### Supplied material
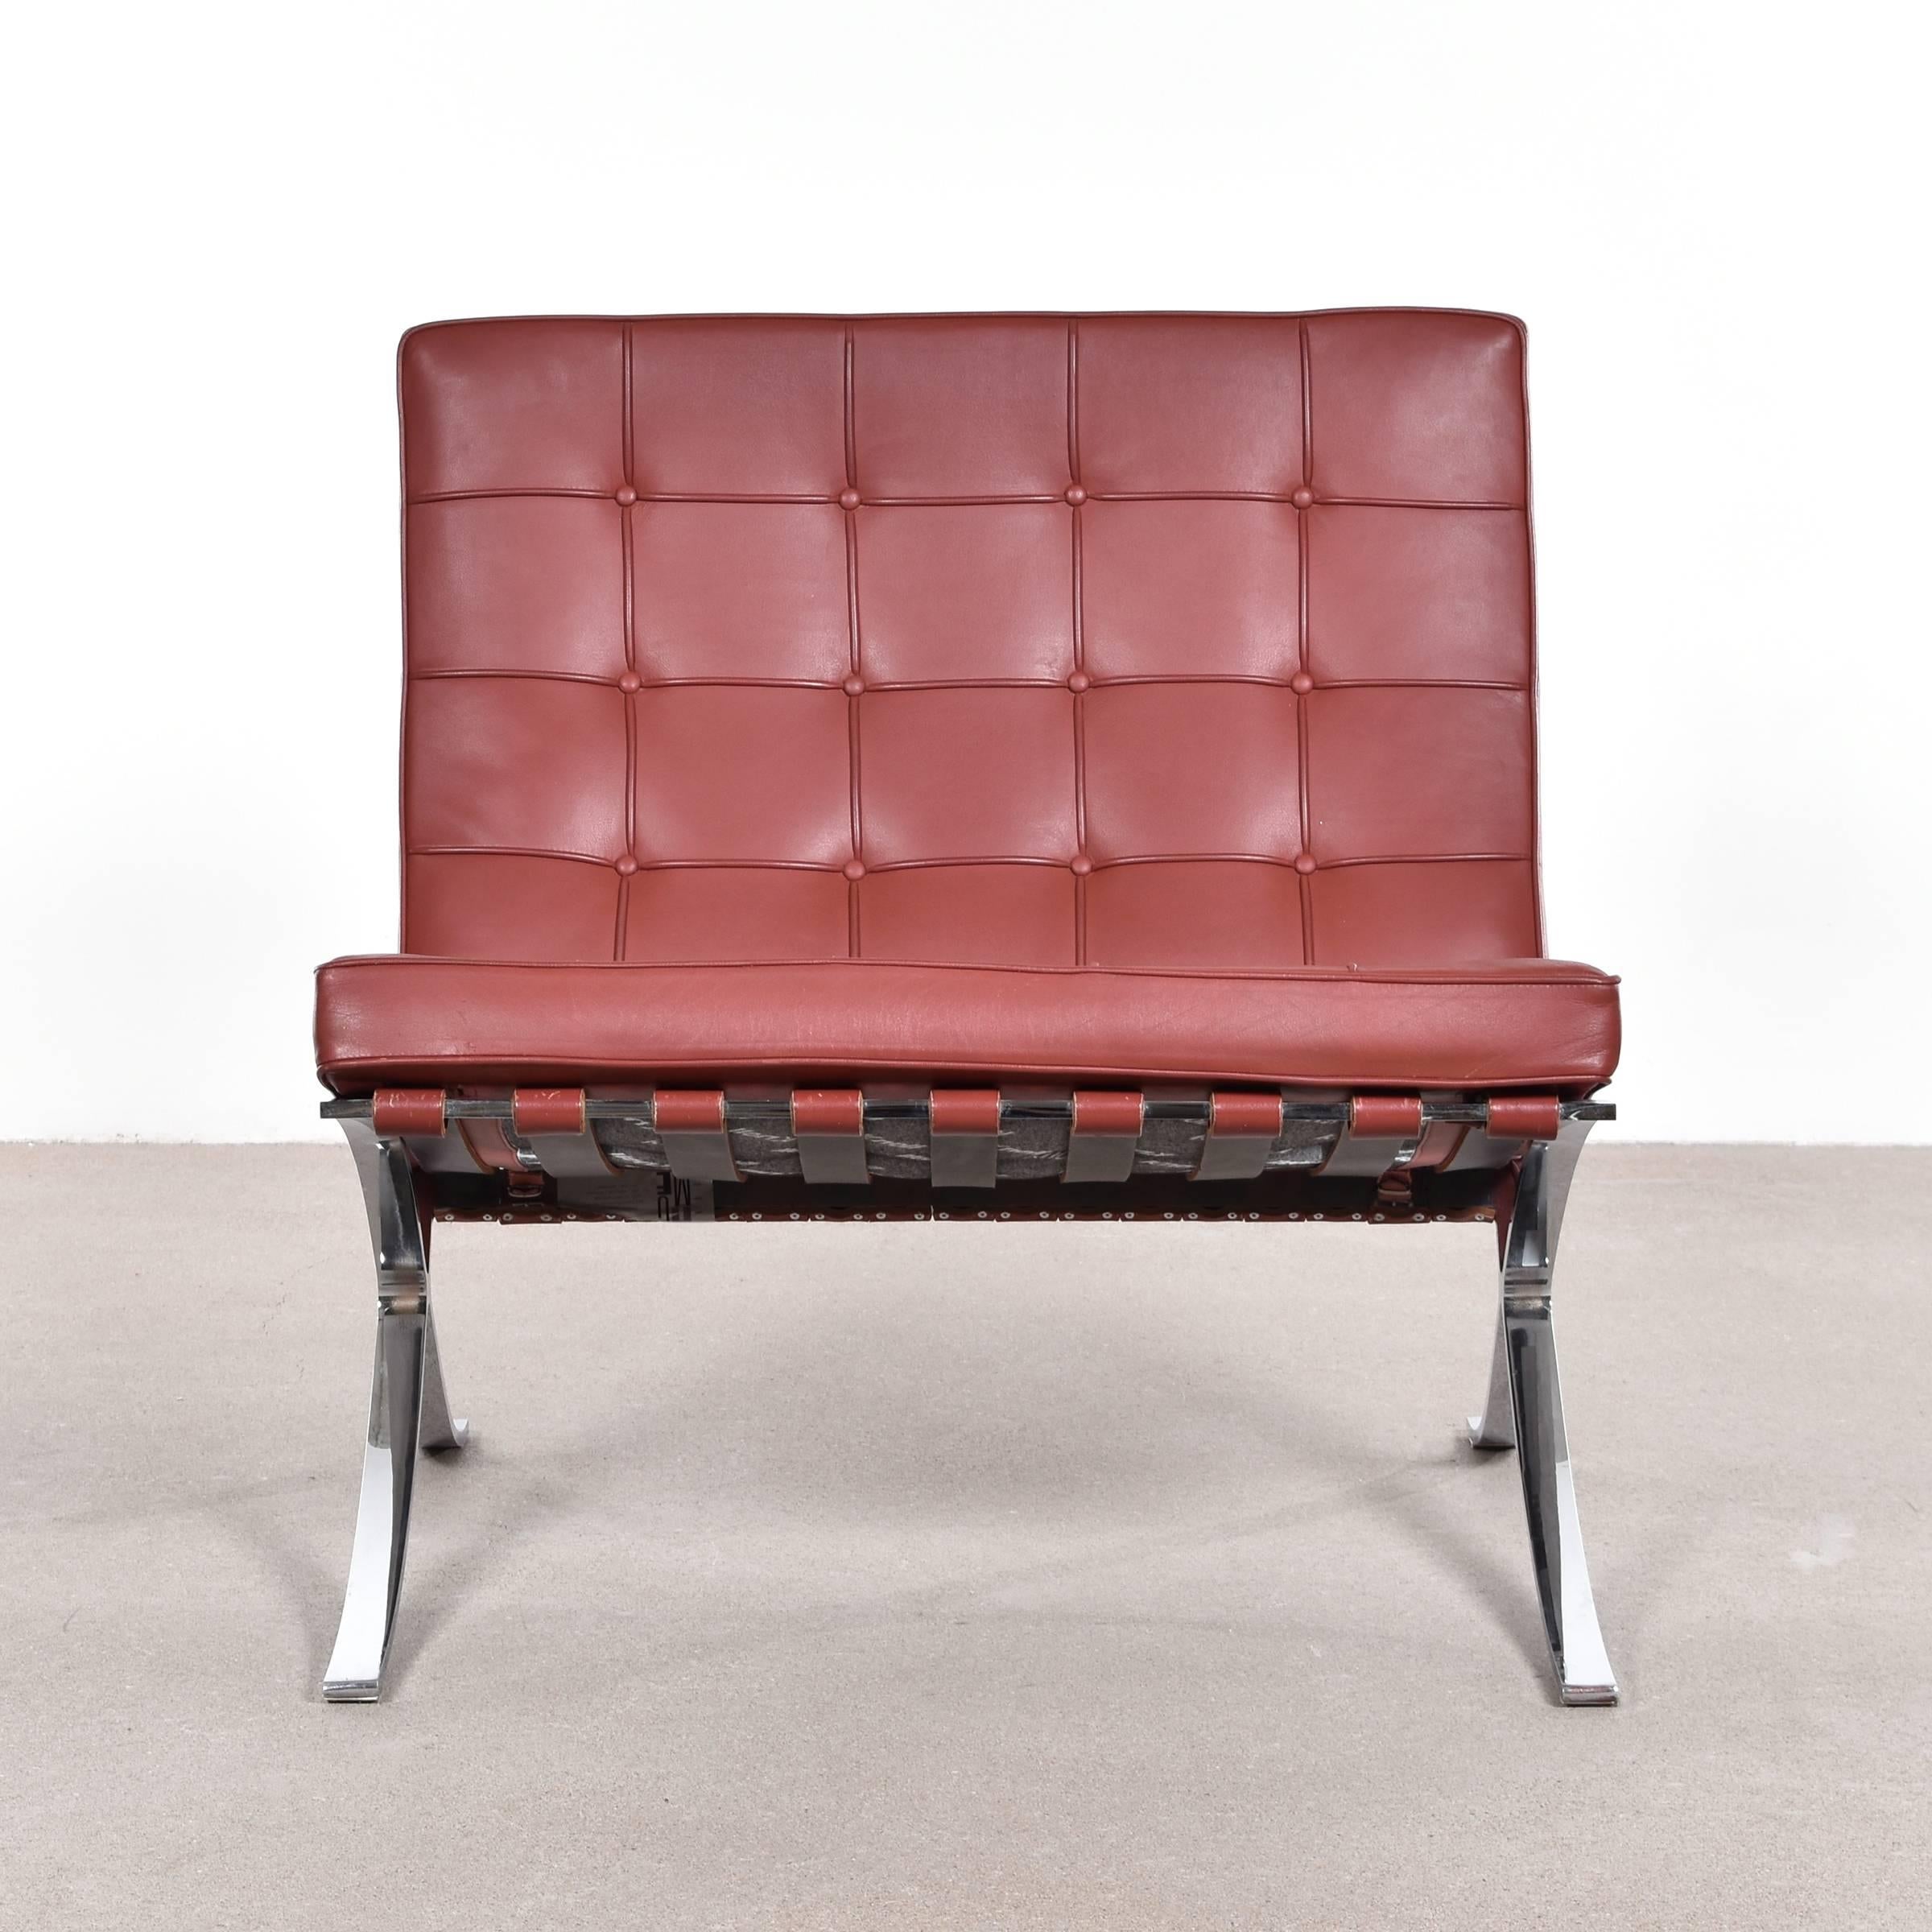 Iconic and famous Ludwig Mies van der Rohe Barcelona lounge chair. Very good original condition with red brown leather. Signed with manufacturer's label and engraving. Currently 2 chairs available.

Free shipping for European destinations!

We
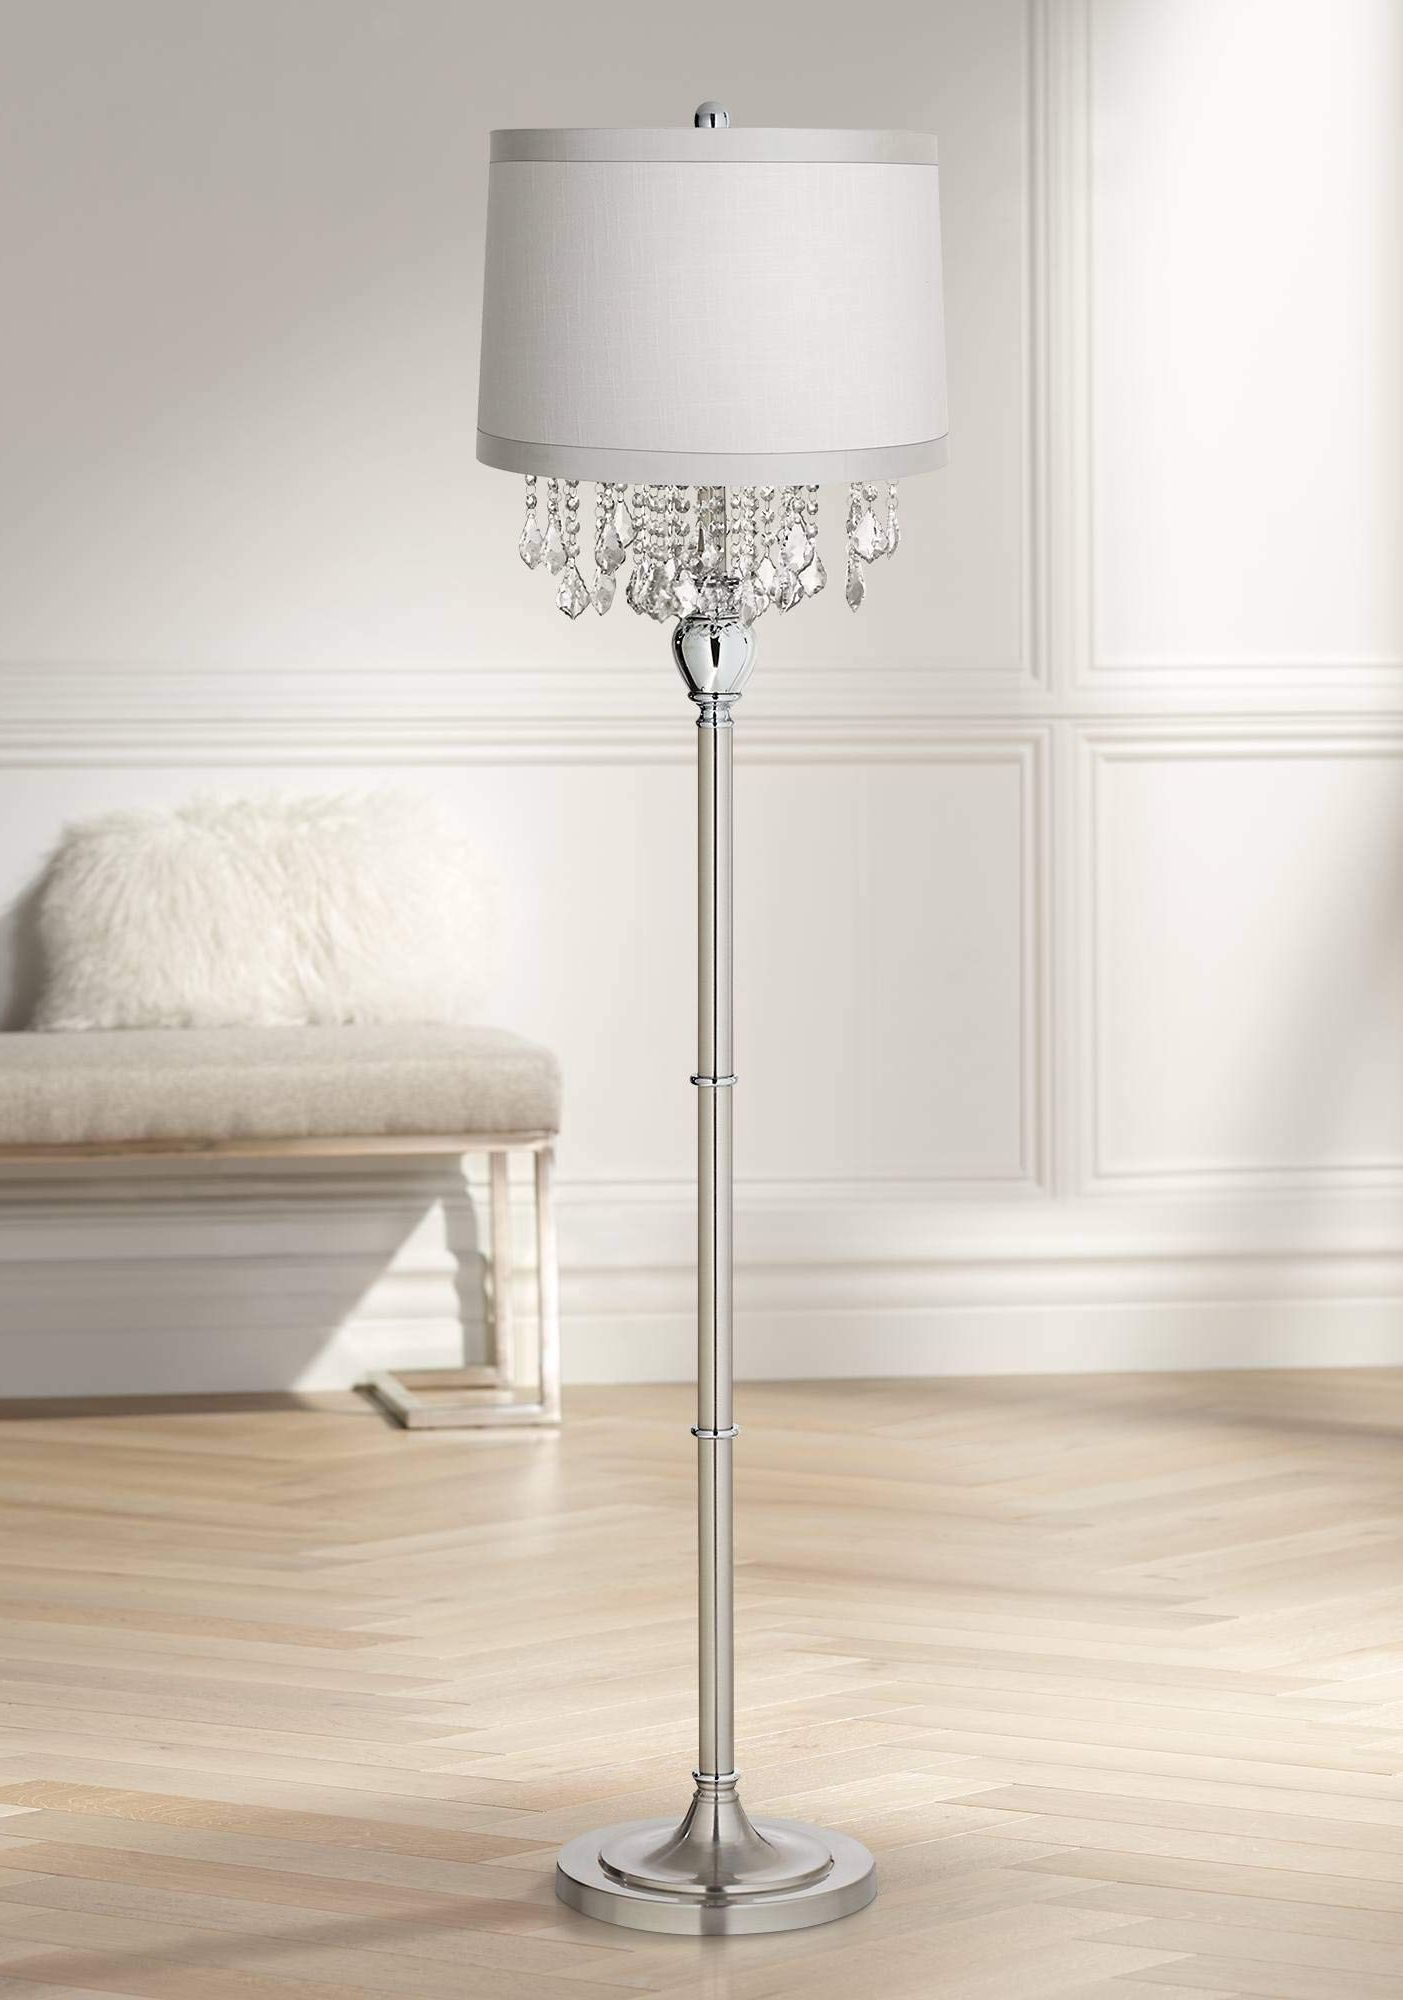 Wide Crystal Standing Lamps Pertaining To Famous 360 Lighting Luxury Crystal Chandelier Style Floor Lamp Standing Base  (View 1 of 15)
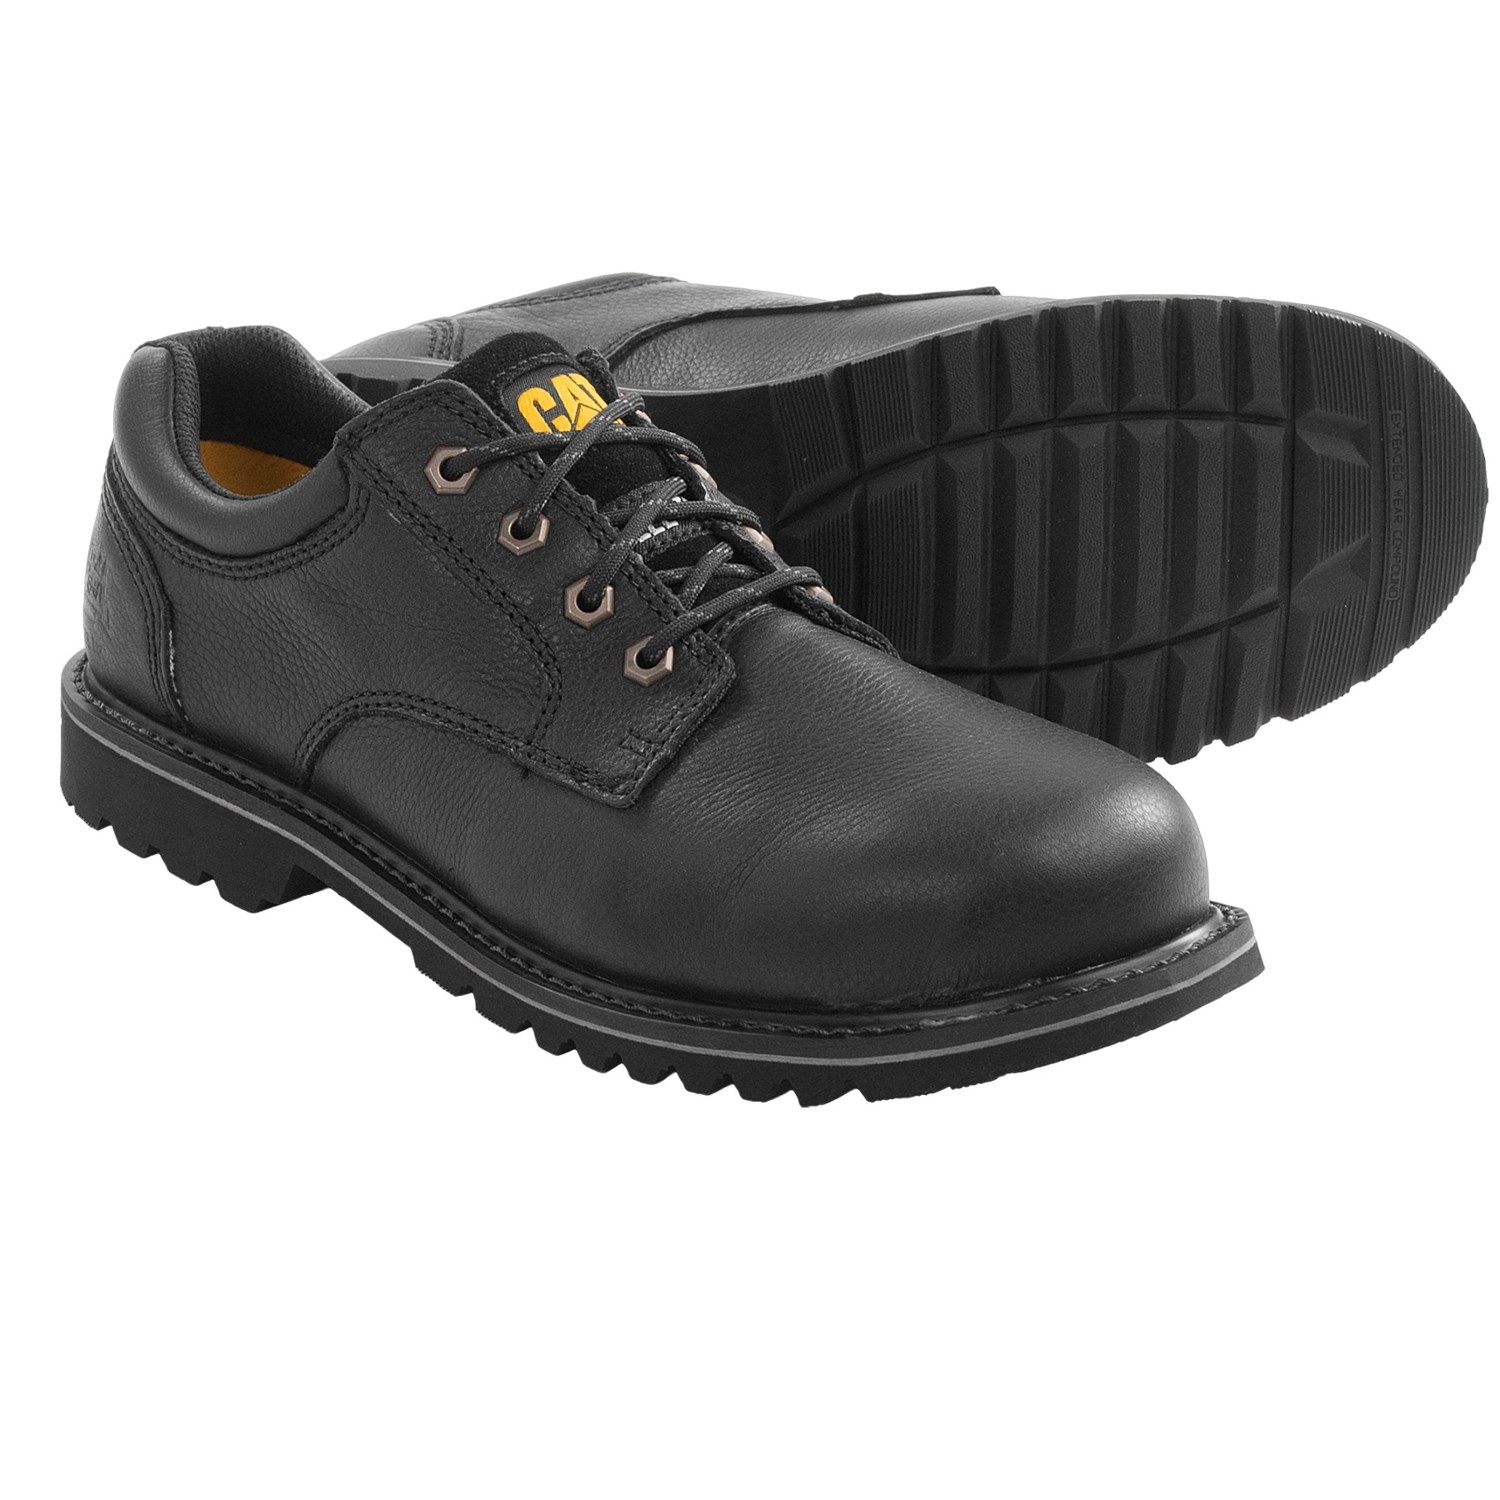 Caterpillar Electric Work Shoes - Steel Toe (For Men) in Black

### Task statement
A verbatim copy is needed of the lines running from the line with "Free shipping for European destinations!" to the end of the data above, both included. Keep the pictures out of it.

### Solution to this problem
Free shipping for European destinations!

We
 Wide Crystal Standing Lamps Pertaining To Famous 360 Lighting Luxury Crystal Chandelier Style Floor Lamp Standing Base  (View 1 of 15)
 Caterpillar Electric Work Shoes - Steel Toe (For Men) in Black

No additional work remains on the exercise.